Net Income (Loss) and Cash Flows

Synlogic reported net income of $2.0 million for the three months ended June 30, 2024, compared to a net loss of $15.0 million in the same period of 2023. For the six-month period, the company recorded a net loss of $29.6 million, compared to a net loss of $30.7 million in the first half of 2023.

The company’s cash, cash equivalents, and restricted cash balance decreased from $25.0 million as of December 31, 2023 to $20.0 million as of June 30, 2024, a decline of $5.0 million. This decrease was primarily due to the cash used to operate the business, which was partially offset by proceeds from the maturity of marketable securities and the sale of property and equipment.

Strengths and Weaknesses

Synlogic’s key strengths include its proprietary platform for developing Synthetic Biotics, which are genetically engineered probiotics designed to target specific metabolic pathways. This platform has enabled the company to build a pipeline of product candidates for rare metabolic disorders, such as phenylketonuria (PKU) and homocystinuria (HCU), which represent significant unmet medical needs.

However, Synlogic’s decision to discontinue its lead program, Synpheny-3, for the treatment of PKU is a significant setback. This decision was based on the trial’s unlikely ability to meet its primary endpoint, rather than any safety or tolerability concerns.

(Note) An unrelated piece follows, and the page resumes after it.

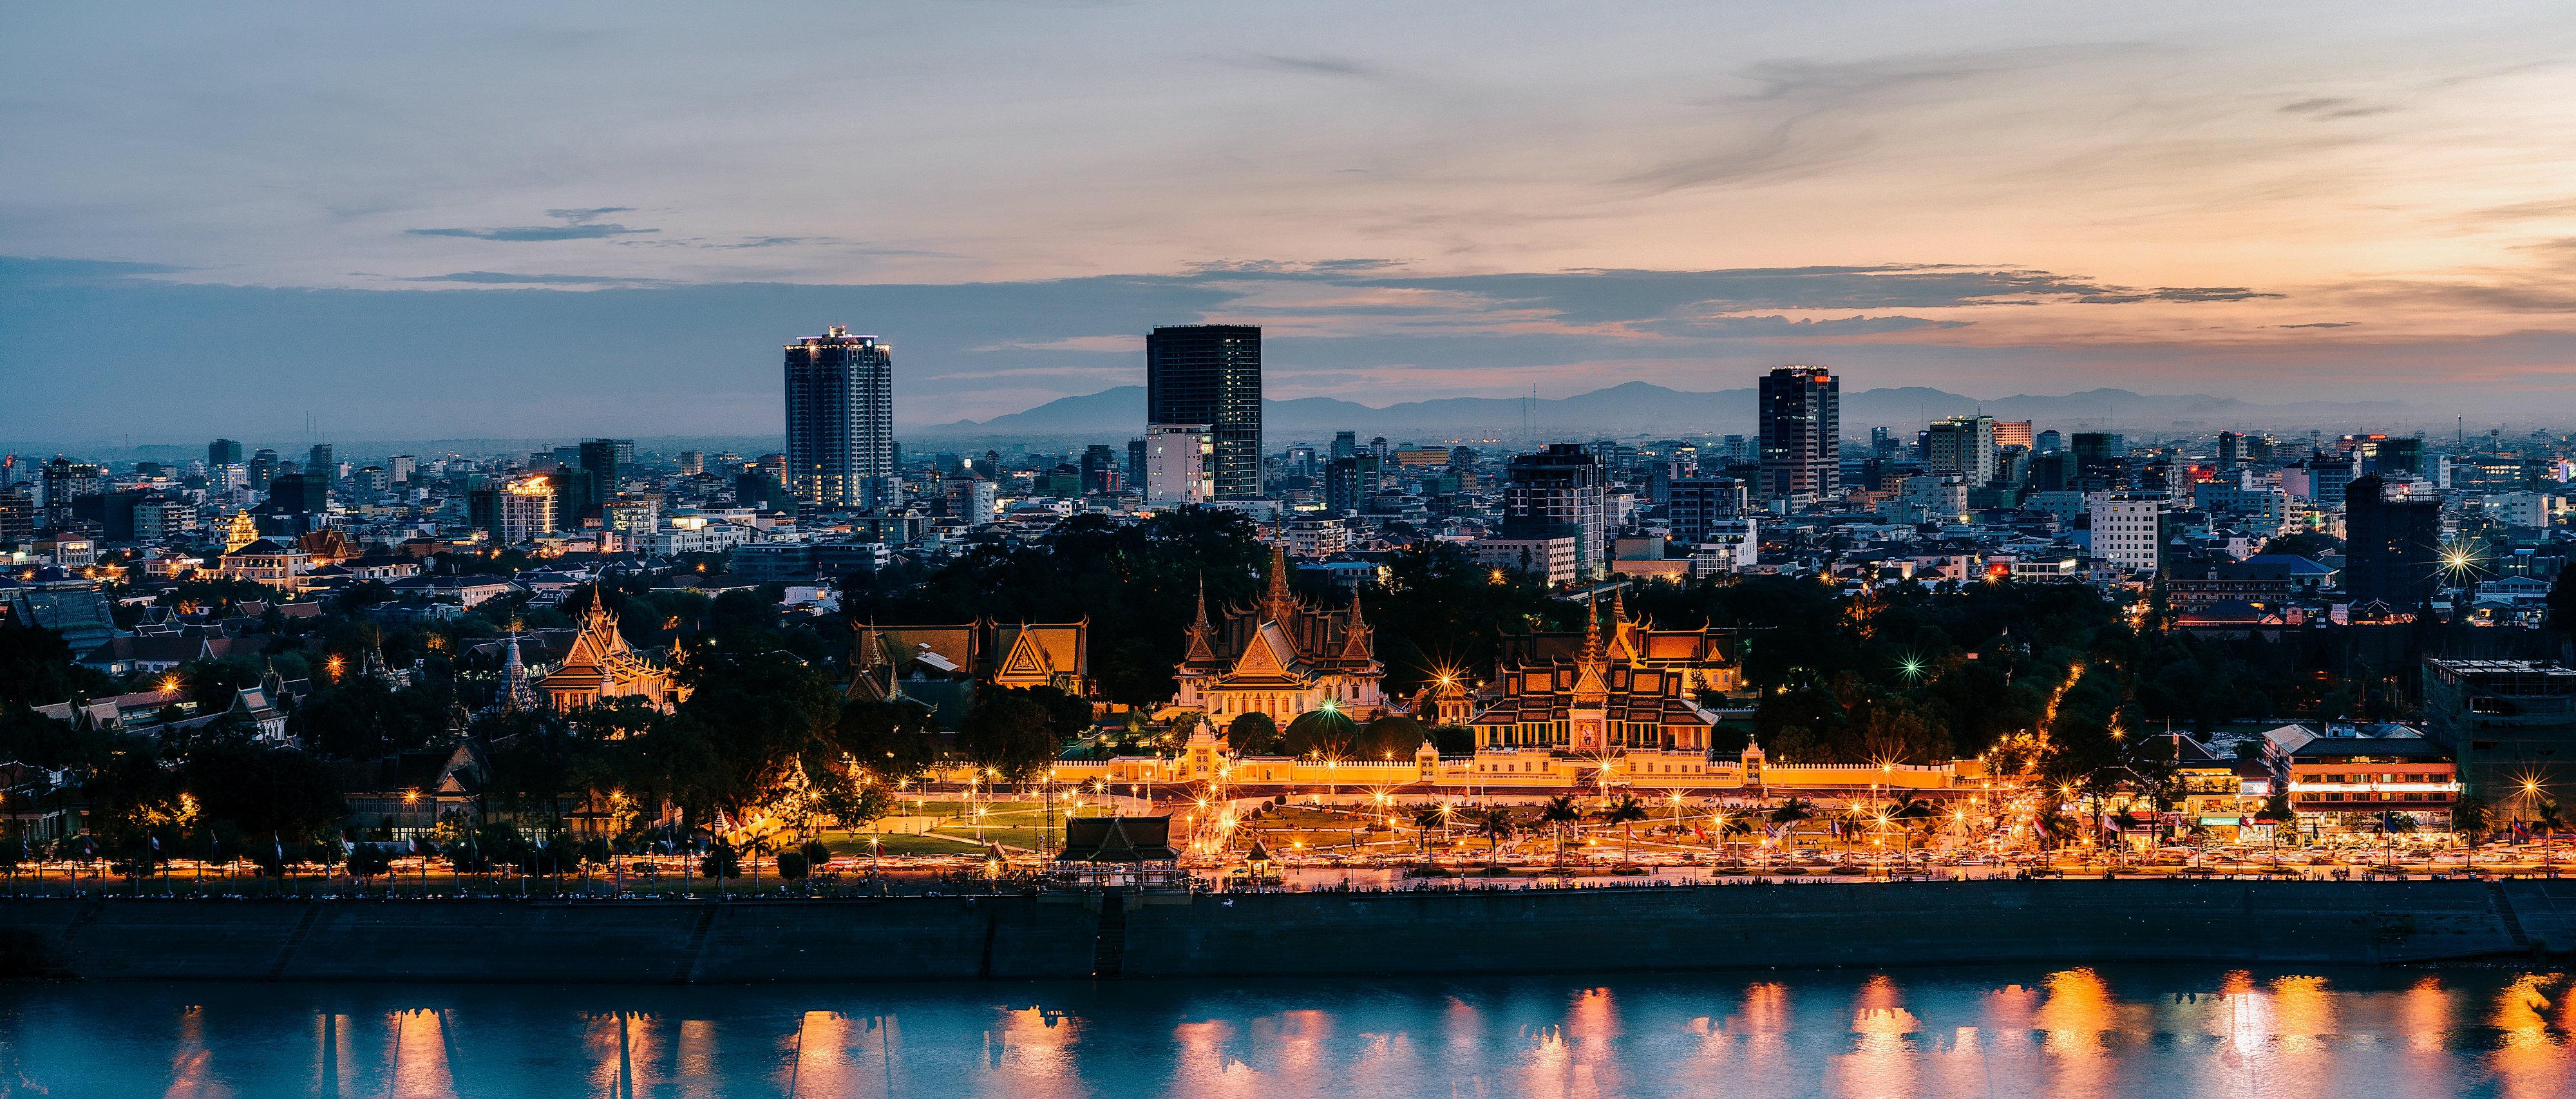 Pro Real Estate Cambodia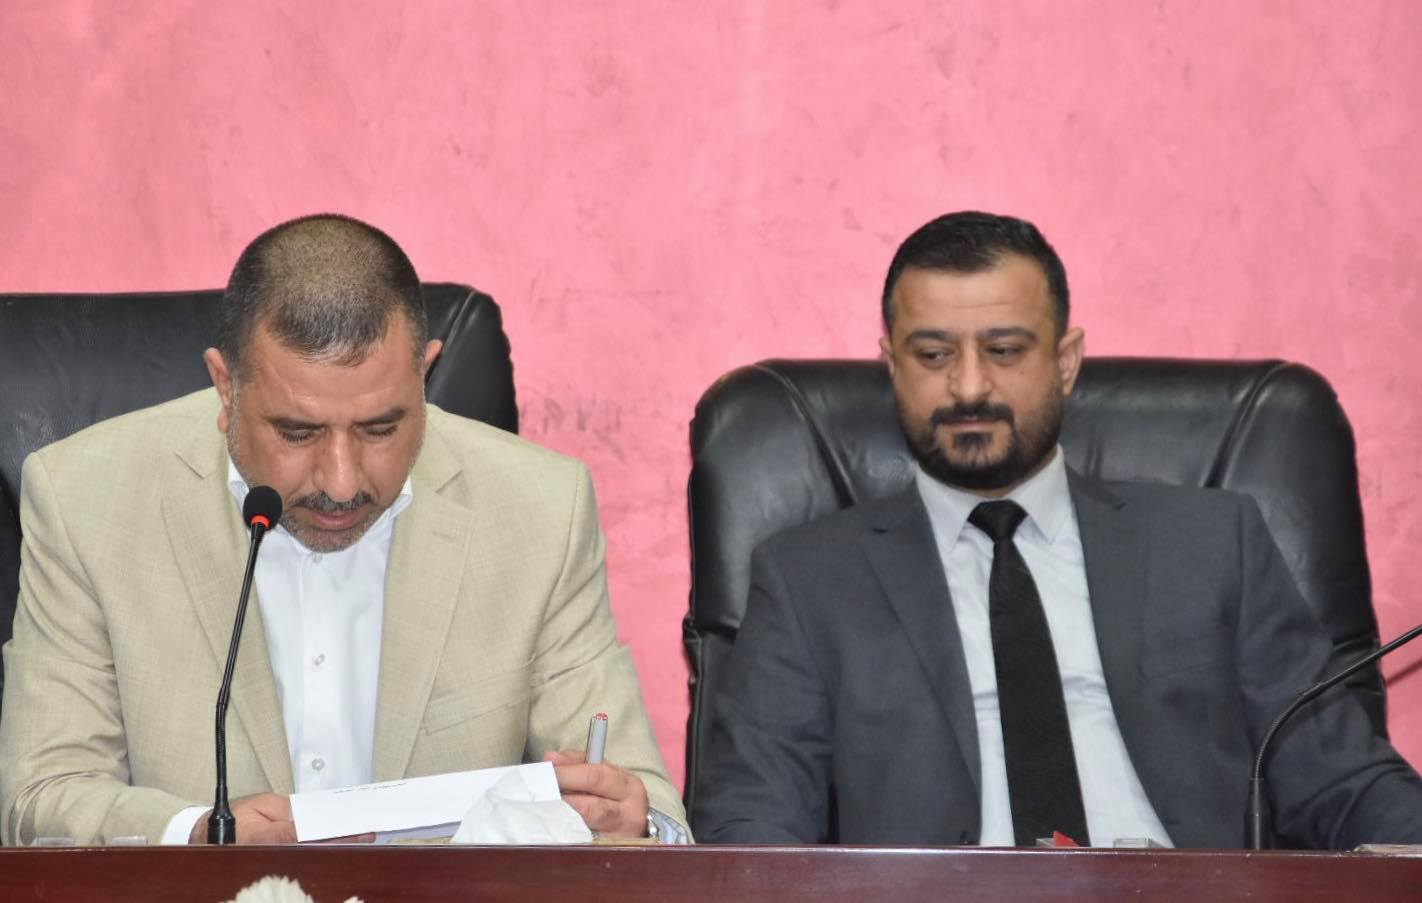 خلال جلسته الدورية : مجلس المحافظة يصوت بالتعاقد مع جميع الأجور اليومية فورا في دوائر البلدية والماء والمجاري المنقولة الصلاحية

The discontinuation of this pivotal study has led to a substantial reduction in the company’s workforce and a strategic shift towards exploring alternative options, including a potential merger or sale of the company.

Synlogic’s early-stage pipeline, which includes product candidates for enteric hyperoxaluria, gout, and cystinuria, represents potential upside, but the company will need to carefully manage its resources and prioritize its development efforts as it navigates this strategic review process.

Outlook and Conclusion

Synlogic’s current focus is on pursuing strategic initiatives to enhance shareholder value, including a potential merger or sale of the company. The company believes that allowing sufficient time to pursue and consummate such transactions is in the best interest of its shareholders. However, there is no guarantee that these efforts will result in a successful transaction or that any such transaction will ultimately enhance shareholder value.

Given the discontinuation of the Synpheny-3 trial and the significant reduction in Synlogic’s workforce, the company expects its expenses to decrease in the near term. However, should the company decide to continue advancing the clinical development of its other product candidates, it would likely incur additional costs in connection with those activities.

Synlogic’s current cash and cash equivalents are expected to be sufficient to fund its operations for at least the next 12 months. The company’s future funding requirements will depend on the outcome of its strategic review process, as well as the progress and success of its remaining research and development efforts.

In conclusion, Synlogic’s financial performance in the first half of 2024 reflects the challenges the company has faced with its lead program, as well as its strategic shift towards exploring alternative options to enhance shareholder value. While the company’s proprietary platform and early-stage pipeline represent potential opportunities, Synlogic will need to carefully manage its resources and navigate the uncertain path ahead as it seeks to find the best path forward for the company and its shareholders.